Best of London
Hackney Wick: London's Olympic Arts Village
Hackney Wick is London's most concentrated artist community — a waterfront district where the River Lee Navigation canal meets the Queen Elizabeth Olympic Park, its former industrial buildings converted into hundreds of artist studios, galleries, and creative businesses that have made the area the most significant centre for visual art production in the capital. The warehouses and factories that line the canal were home to industries ranging from chemical manufacturing to piano-making in the 19th and early 20th centuries; since the late 1990s they have been progressively colonized by artists priced out of the East End's earlier creative districts. The density of working studios here — over 700 artists and creative businesses within a small area — is unmatched anywhere in Europe.
The 2012 Olympic Games transformed the adjacent land into the Queen Elizabeth Olympic Park, the largest new park created in London in over a century — 560 acres of parkland, wetland, and sports venues including the Velodrome, Aquatics Centre, and the ArcelorMittal Orbit viewing tower designed by Anish Kapoor with its slide descending from the summit. The East Bank cultural campus currently under development will bring V&A East and BBC Music studios to the park's edge, further concentrating creative activity in this part of the city.

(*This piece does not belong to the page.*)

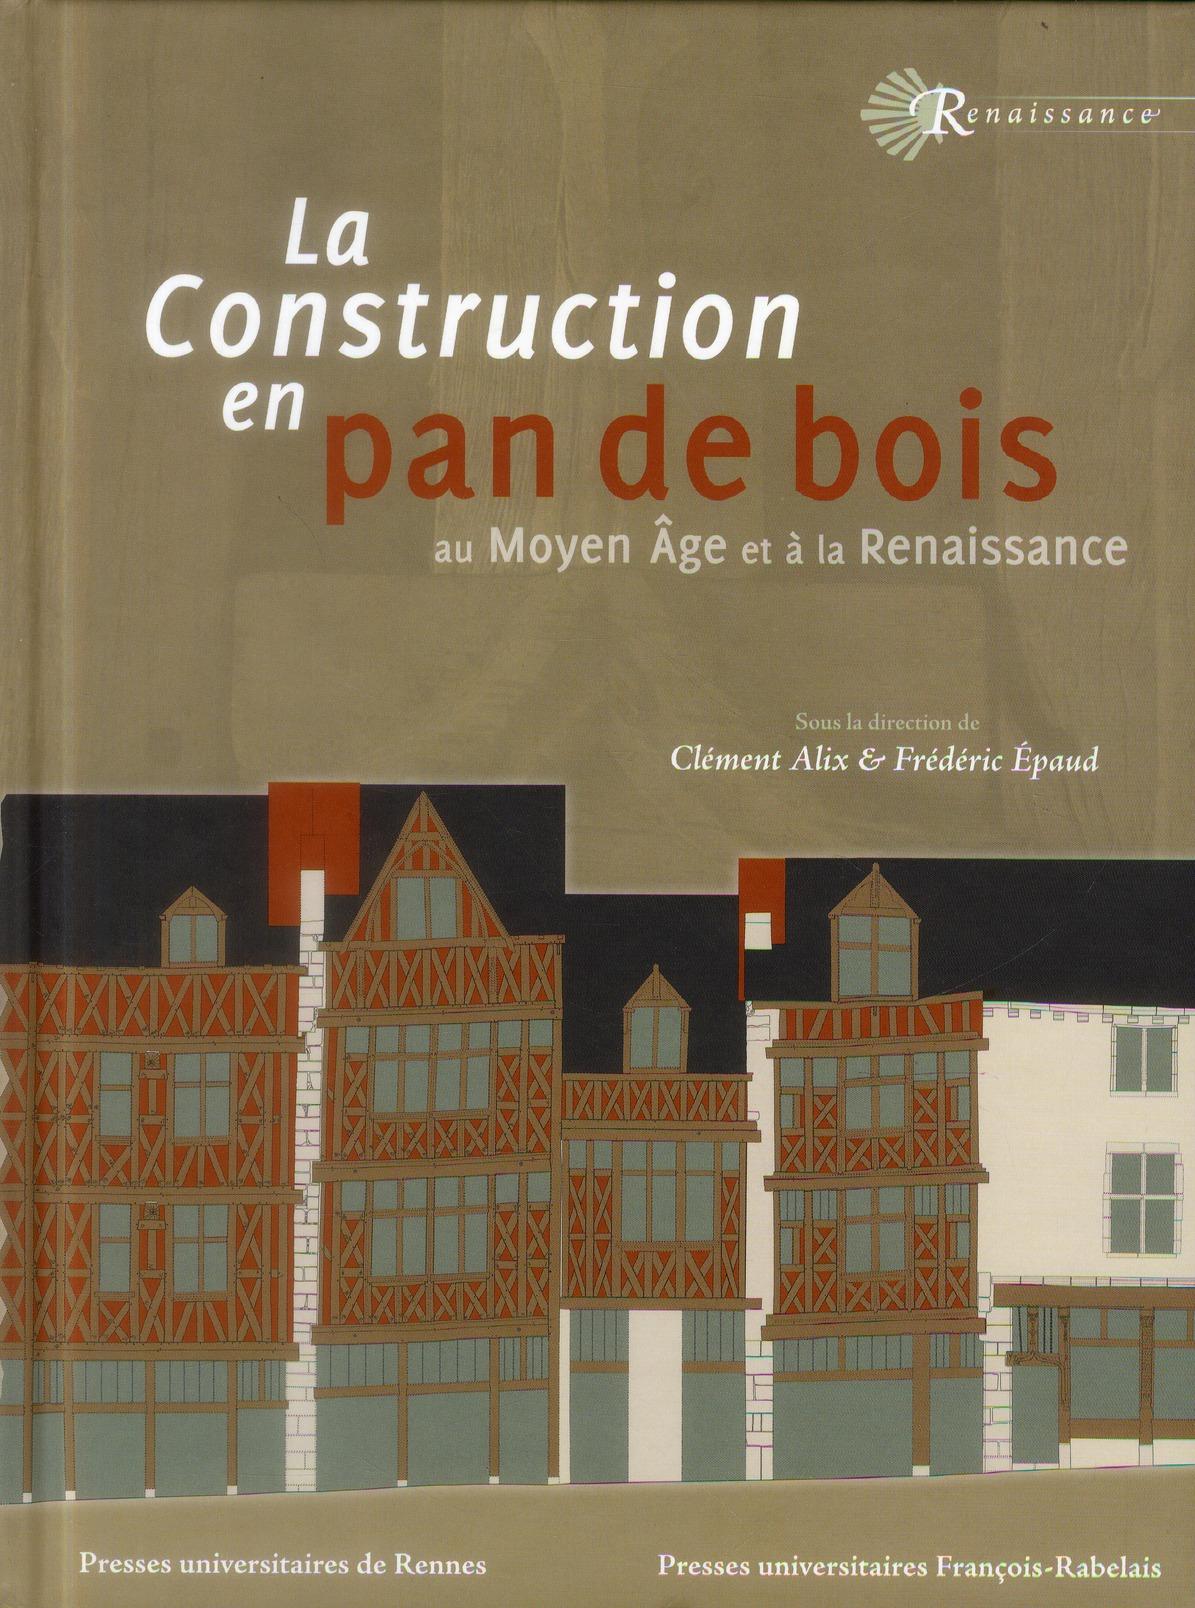 Construction en pan de bois au moyen age et a la renaissance - les engins de chantier de leonard de

Hackney Wick's main canal strip on the Lea Navigation has developed a weekend food and bar scene in the canal-side units — outdoor spaces, converted barges, and warehouse bars that fill in fine weather with a crowd drawn from across east London. Open Studio weekends (typically in October) open hundreds of artist spaces simultaneously, offering one of the most concentrated access to working artists available anywhere in the city. Overground to Hackney Wick station takes 15 minutes from Liverpool Street.